Chapter 6: Sheaves on Spaces > Section 6.31: Open immersions and (pre)sheaves

Remark 6.31.13. Let $j : U \to X$ be an open immersion of topological spaces as above. Let $x \in X$, $x \not \in U$. Let $\mathcal{F}$ be a sheaf of sets on $U$. Then $\mathcal{F}_x = \emptyset$ by Lemma 6.31.4. Hence $j_!$ does not transform a final object of $\mathop{\textit{Sh}}\nolimits(U)$ into a final object of $\mathop{\textit{Sh}}\nolimits(X)$ unless $U = X$. According to our conventions in Categories, Section 4.23 this means that the functor $j_!$ is not left exact as a functor between the categories of sheaves of sets.
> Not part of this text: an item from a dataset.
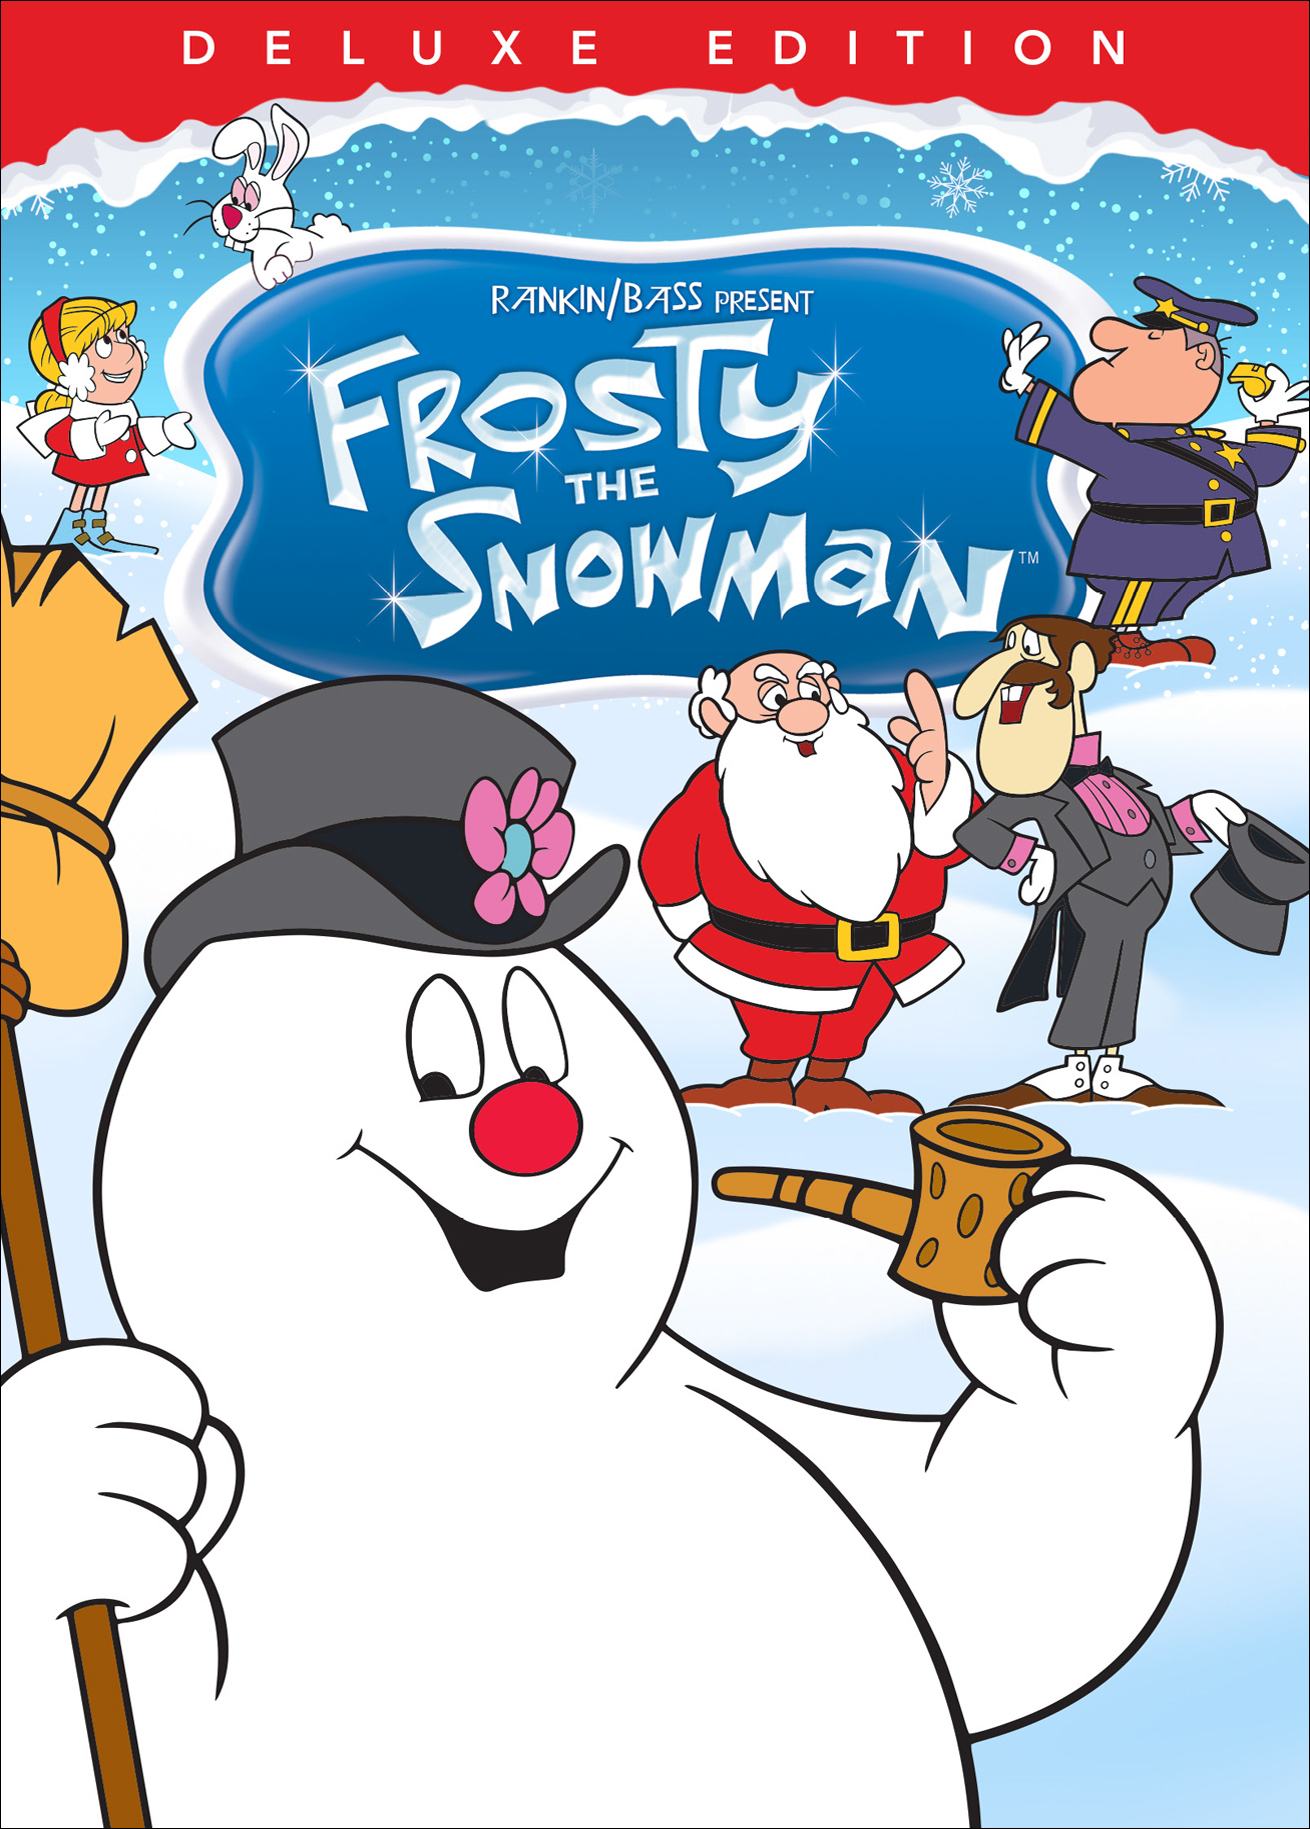 Frosty the Snowman [Deluxe Edition] [DVD] [1969] - Best Buy

It will be shown later that $j_!$ on abelian sheaves is exact, see Modules, Lemma 17.3.4.

    The code snippet corresponding to this tag is a part of the file sheaves.tex and is located in lines 4831–4844 (see updates for more information).

    \begin{remark}
    \label{remark-j-shriek-not-exact}
    Let $j : U \to X$ be an open immersion of topological spaces as above.
    Let $x \in X$, $x \not \in U$. Let $\mathcal{F}$ be a sheaf of sets
    on $U$. Then $\mathcal{F}_x = \emptyset$ by Lemma \ref{lemma-j-shriek}.
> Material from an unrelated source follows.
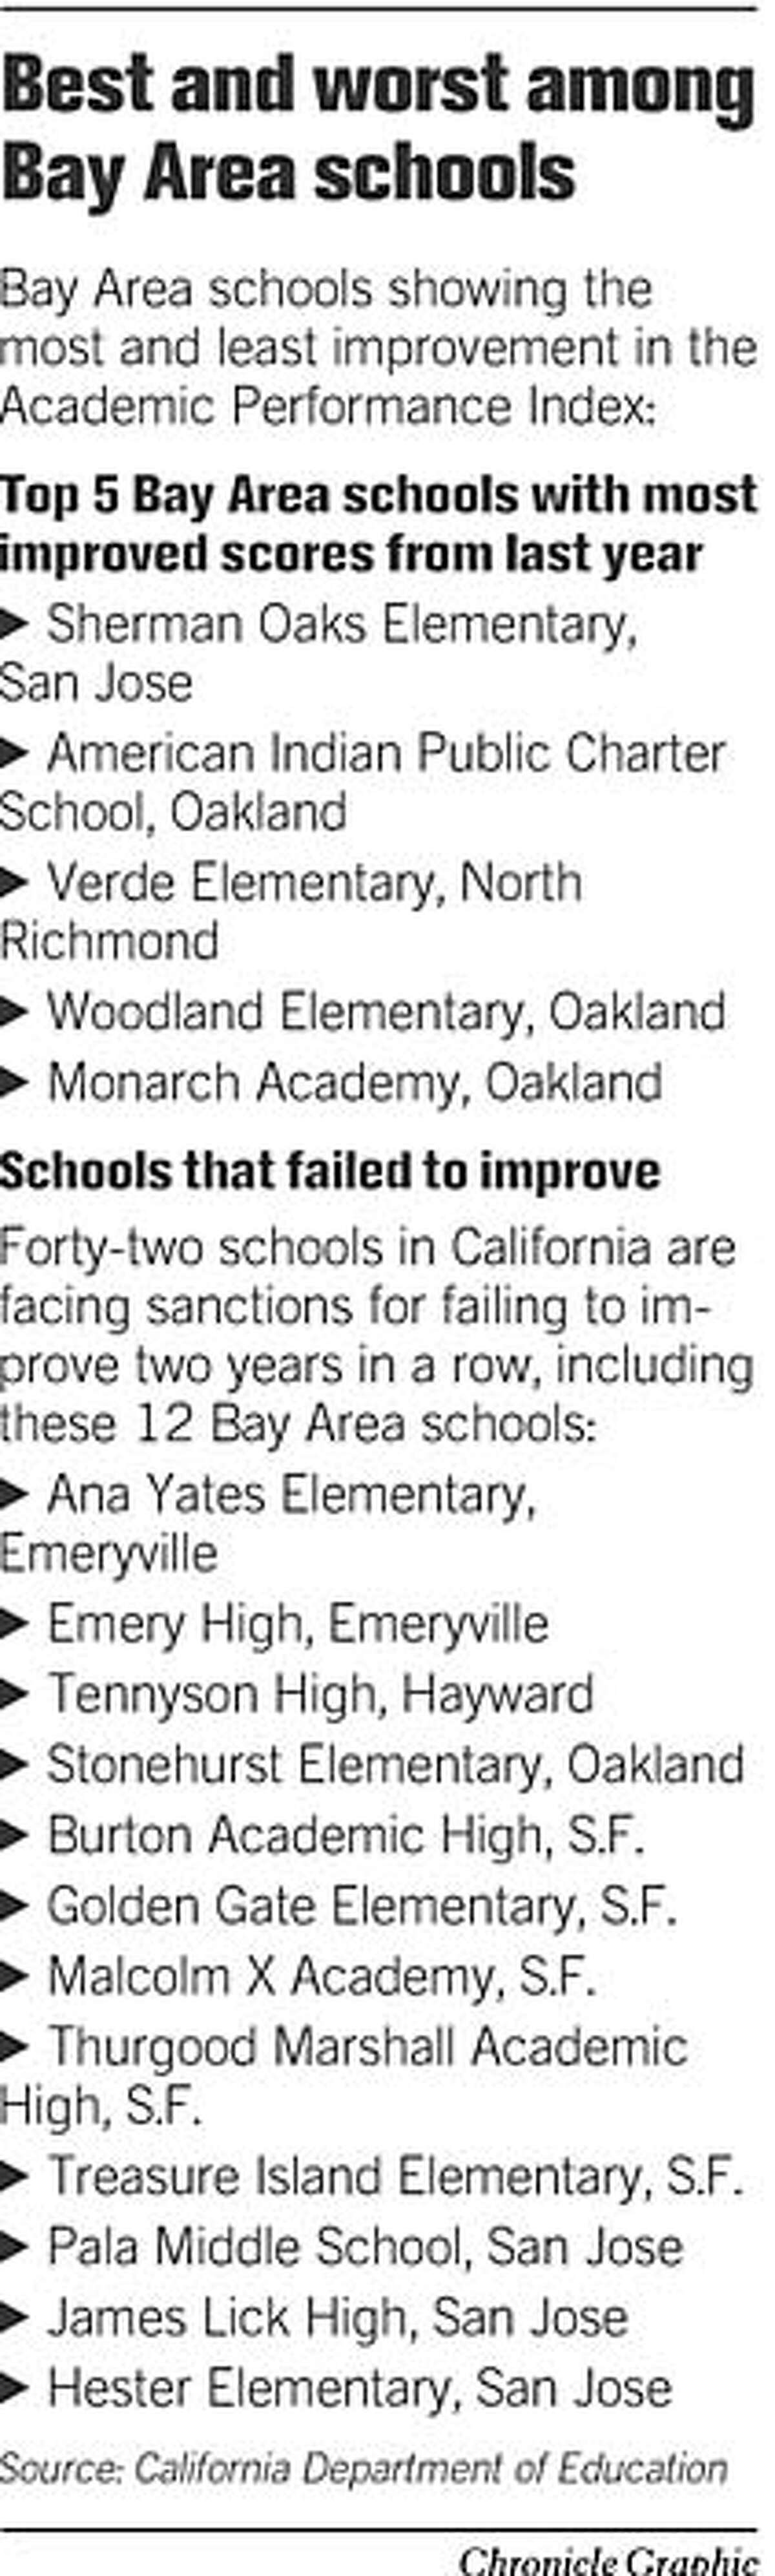 california-school-rankings-improve-bay-area-also-sees-big-gains-in-academic-performance-index

    Hence $j_!$ does not transform a final object of $\Sh(U)$
    into a final object of $\Sh(X)$ unless $U = X$.
    According to our conventions in
    Categories, Section \ref{categories-section-exact-functor}
    this means that the functor $j_!$ is not left exact
    as a functor between the categories of sheaves of sets.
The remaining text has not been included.